The authors make an important point when concluding that “data quality and design are more beneficial for modelling purpose than quantity. Ideally, as the use of models and big data in ecology increases […], modellers and experimenters could collaboratively and profitably elaborate model-guided experiments.”
Beaudouin R, Ginot V, Monod G (2012) Improving mesocosm data analysis through individual-based modelling of control population dynamics: a case study with mosquitofish (Gambusia holbrooki). Ecotoxicology, 21, 155–164. https://doi.org/10.1007/s10646-011-0775-1
Henry M, Becher MA, Osborne JL, Kennedy PJ, Aupinel P, Bretagnolle V, Brun F, Grimm V, Horn J, Requier F (2017) Predictive systems models can help elucidate bee declines driven by multiple combined stressors. Apidologie, 48, 328–339. https://doi.org/10.1007/s13592-016-0476-0
Lamonica D, Charles S, Clément B, Lopes C (2022) Chemical effects on ecological interactions within a model-experiment loop. bioRxiv, 2022.05.24.493191, ver. 6 peer-reviewed and recommended by Peer Community in Ecotoxicology and Environmental Chemistry. https://doi.org/10.1101/2022.05.24.493191
Volker Grimm (2022) A model-experiment loop to optimise data requirements for ecotoxicological risk assessment with mesocosms. Peer Community In Ecotoxicology and Environmental Chemistry, 100002. https://doi.org/10.24072/pci.ecotoxenvchem.100002
The recommender in charge of the evaluation of the article and the reviewers declared that they have no conflict of interest (as defined in the code of conduct of PCI) with the authors or with the content of the article. The authors declared that they comply with the PCI rule of having no financial conflicts of interest in relation to the content of the article.
Evaluation round #1
DOI or URL of the preprint: https://doi.org/10.1101/2022.05.24.493191
Version of the preprint: 4
Author's Reply, 14 Sep 2022
Decision by Volker Grimm, posted 20 Oct 2022
This is an interesting study where the ultimate goal is to reduce the number of experiments to parameterize a 3-species mesocosm model sufficiently well. For this, experiments with one, two or three species, with different cadmium concentrations and without cadmium, are performed and used to parameterize, using the Bayesian MCMC method, the model. Then, different data sets omitting certain experiments are used for the same parameterization procedure to see which data sets, and hence experiments, might possibly be omitted when it comes to parameterize a model that would be precise enough to predict effects of a toxicant.

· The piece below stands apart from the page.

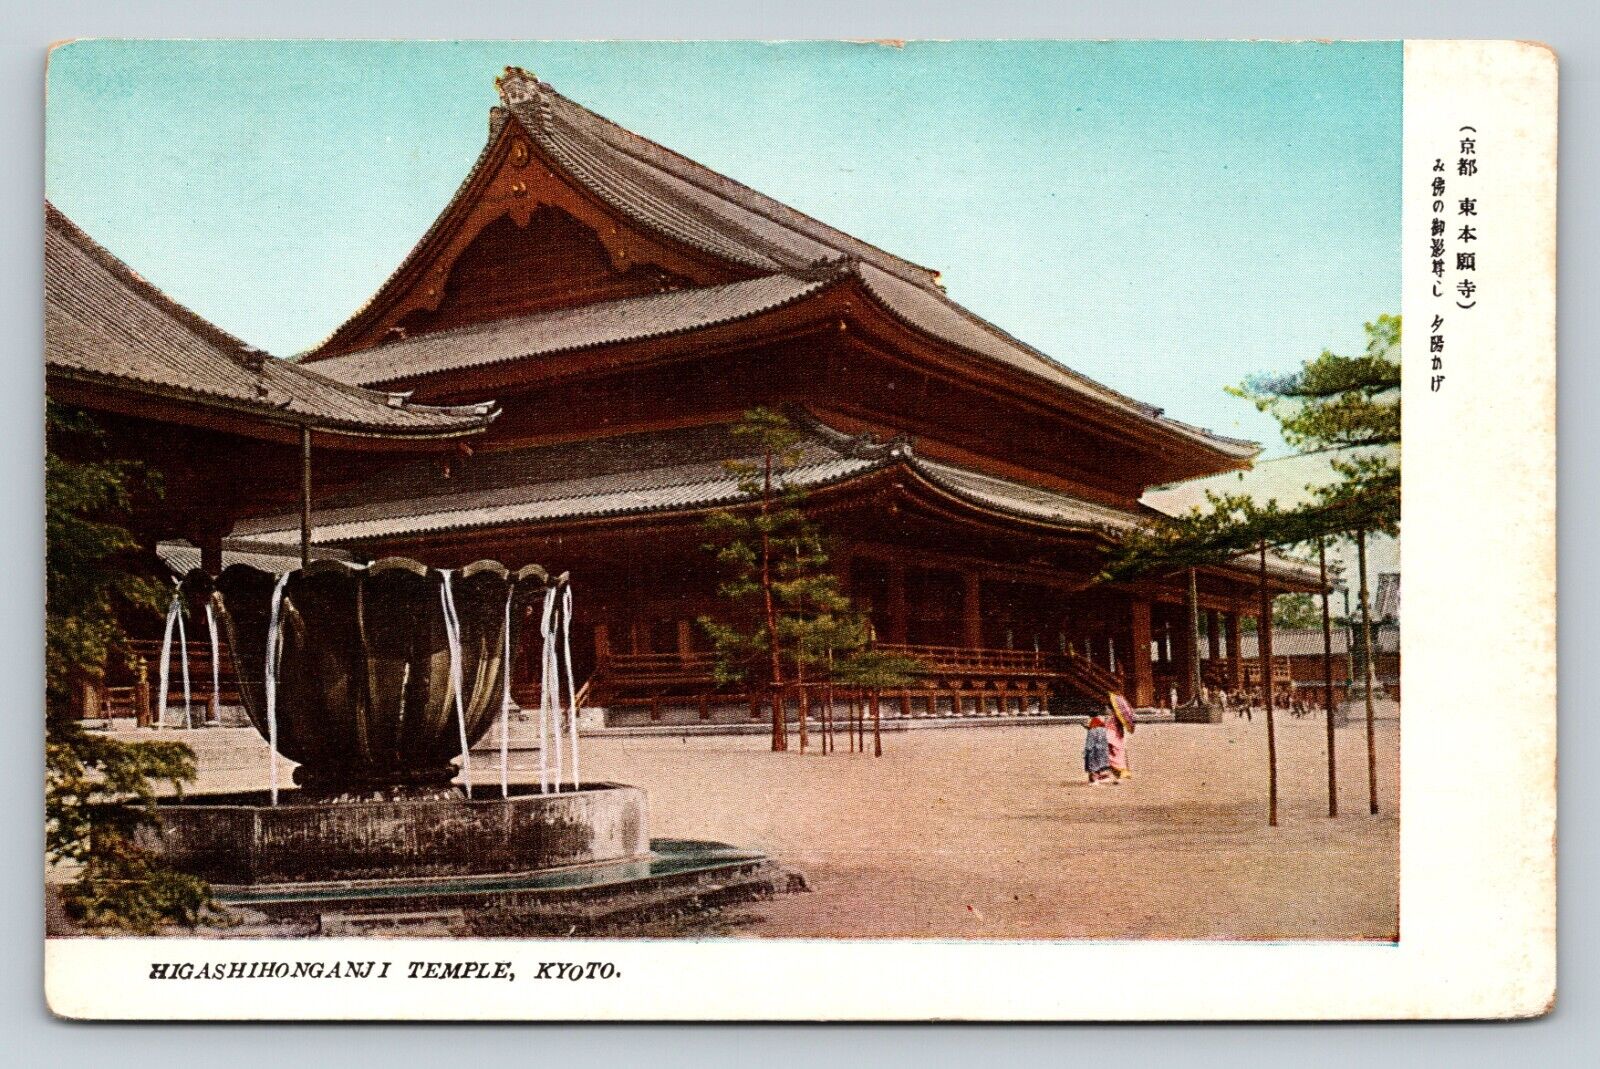 Higashihonganji Temple Kyoto Japan VINTAGE Postcard

Both reviewers found the study interesting and scientifically sound. They still raised quite a few issues that should be addressed to improve the clarity of the presentation or provide better justifications for certain designs and assumptions.
I fully agree with the reviewers' assessments. I would like to add: an ODD model description should be complete by itself and thus not require that readers have to dig for relevant information in other papers. Here, quite a few references are made, unspecifically, to Lamonica et al. 2016a. It cannot be that much work to just copy and paste the relevant information in the current ODD.
Moreover, although I see that it can be interesting to see which kind of experiments are needed to parameterize a "full system" sufficiently well, do these insights not strongly depend on the species, experimental setup, and toxicant used? I do not fully understand how specific insights into which experiments might left out can really help us? Once you have the model fully parameterized with the full data set, there is actually no need to go back and use reduced data sets. So, for what kind of questions, or systems, can the insights gained on the relevance of specific experiments help?